> **Exercise**: Give back the whole listing exactly as written, leaving out each picture.

> **Information supplied**:
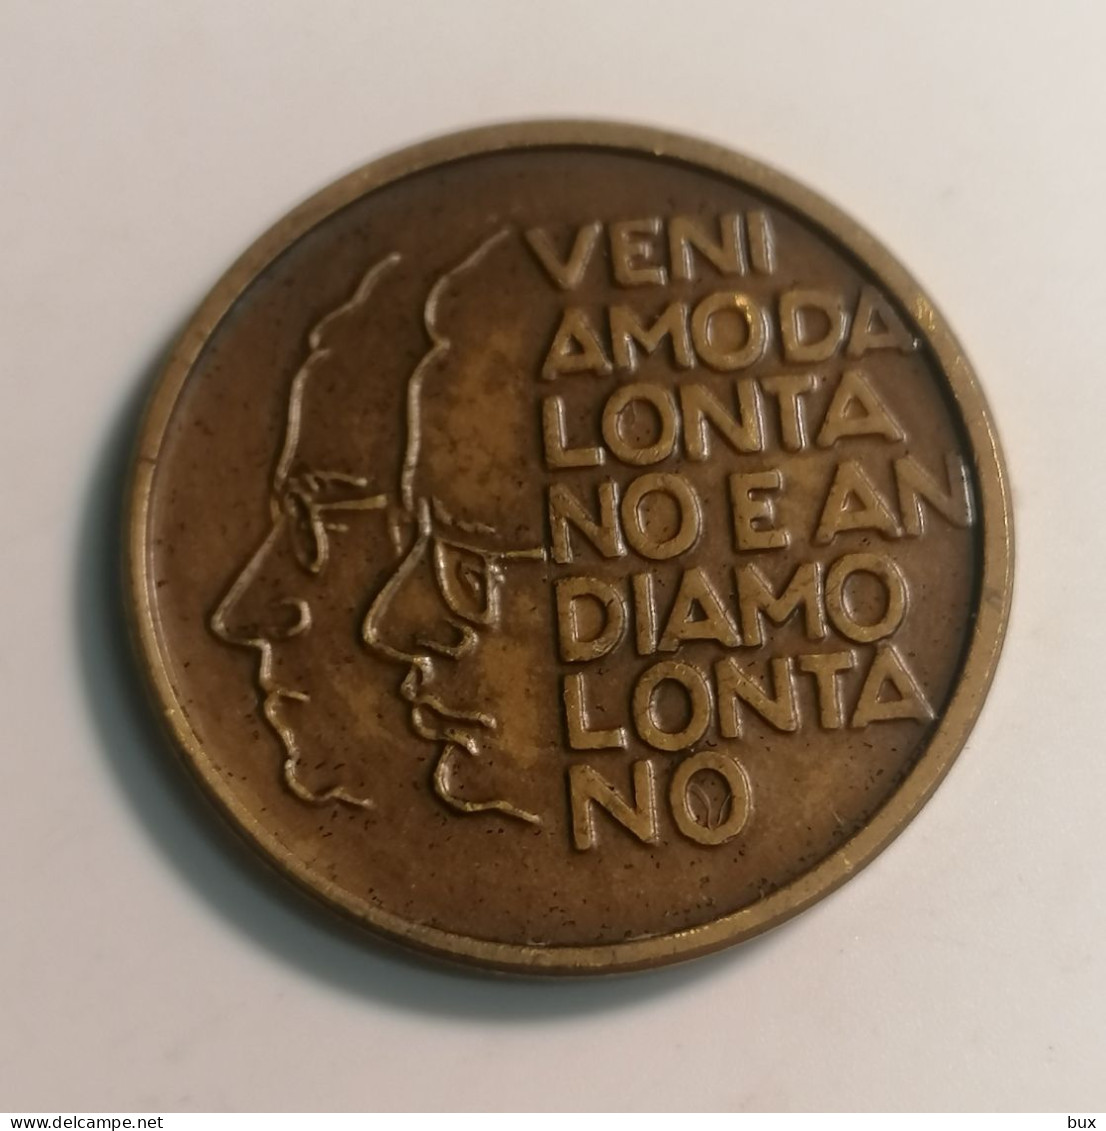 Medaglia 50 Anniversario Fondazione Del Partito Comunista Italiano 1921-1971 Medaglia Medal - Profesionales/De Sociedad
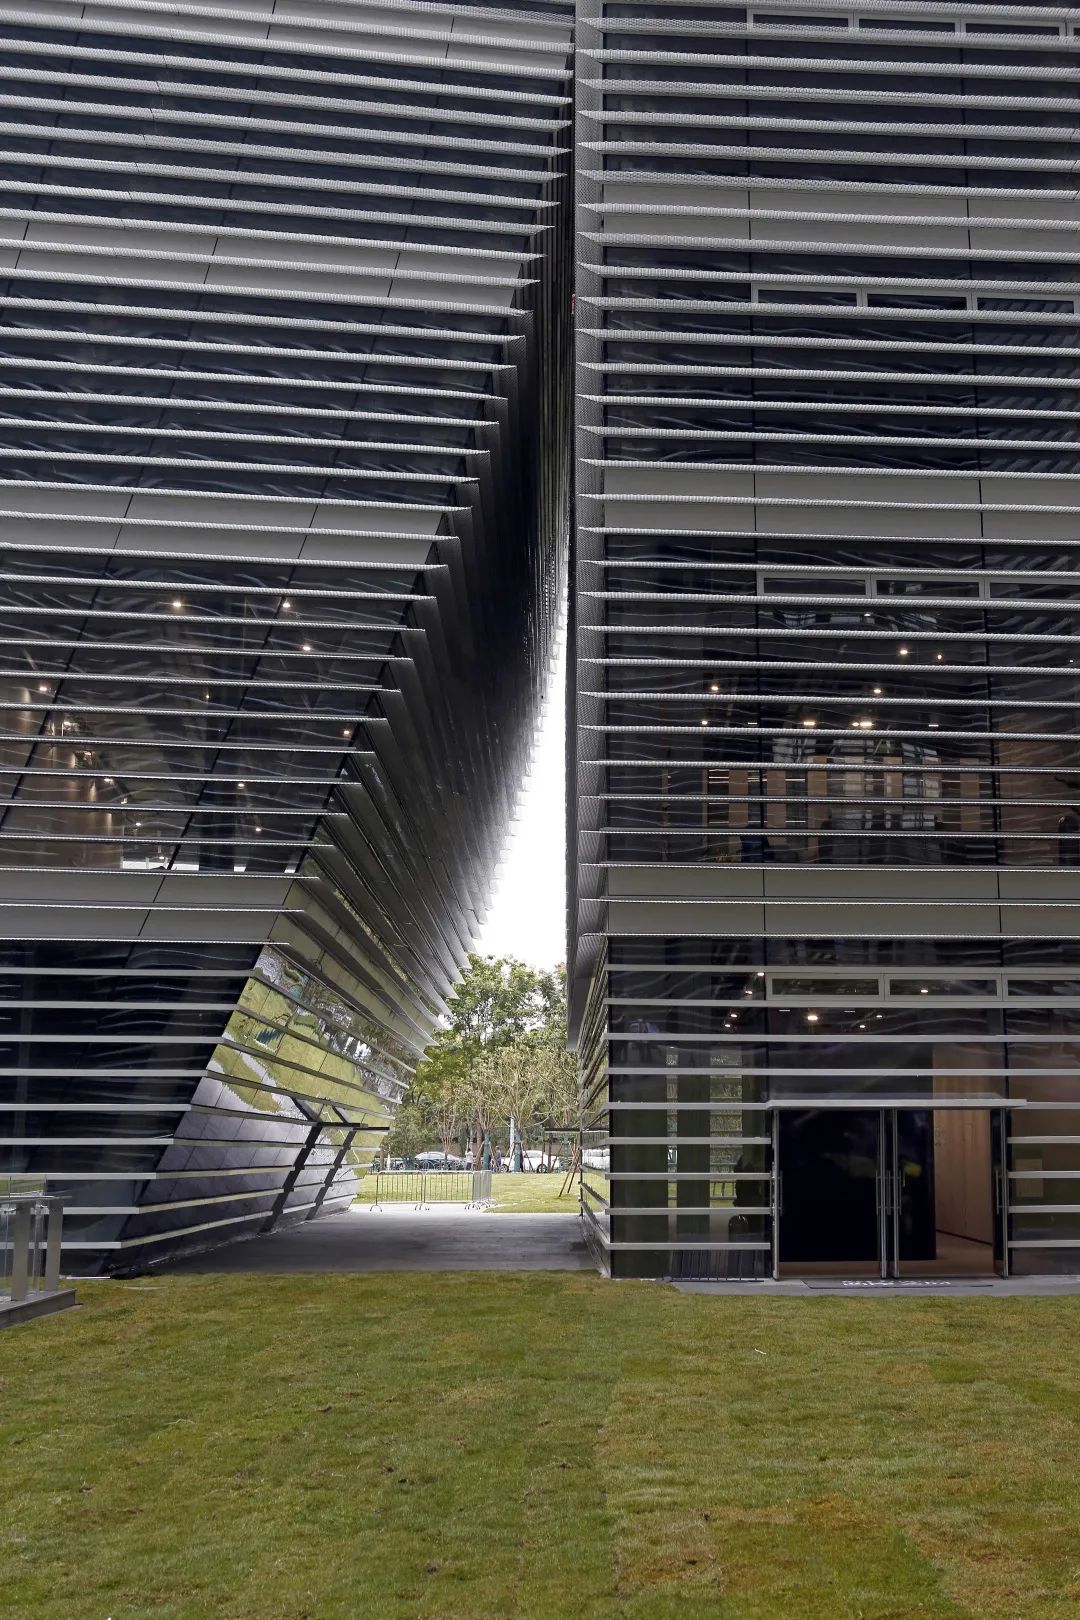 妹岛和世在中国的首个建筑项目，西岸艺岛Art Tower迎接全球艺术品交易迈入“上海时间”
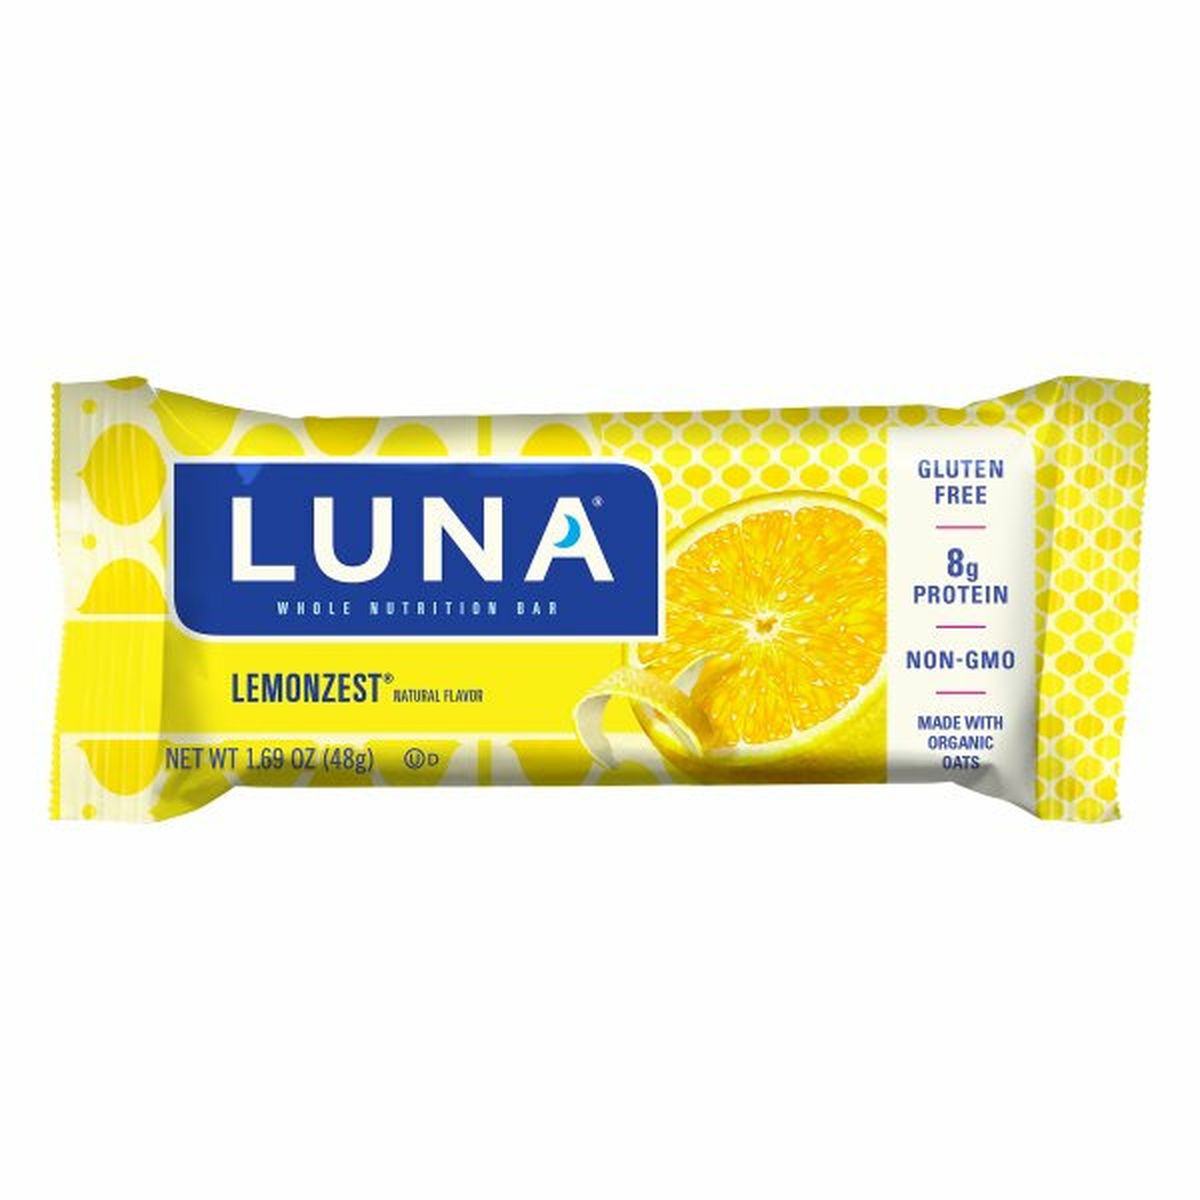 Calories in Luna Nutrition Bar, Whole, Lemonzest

> **Solution to this exercise**:
 Medaglia 50 Anniversario Fondazione Del Partito Comunista Italiano 1921-1971 Medaglia Medal - Profesionales/De Sociedad
 妹岛和世在中国的首个建筑项目，西岸艺岛Art Tower迎接全球艺术品交易迈入“上海时间”
 Calories in Luna Nutrition Bar, Whole, Lemonzest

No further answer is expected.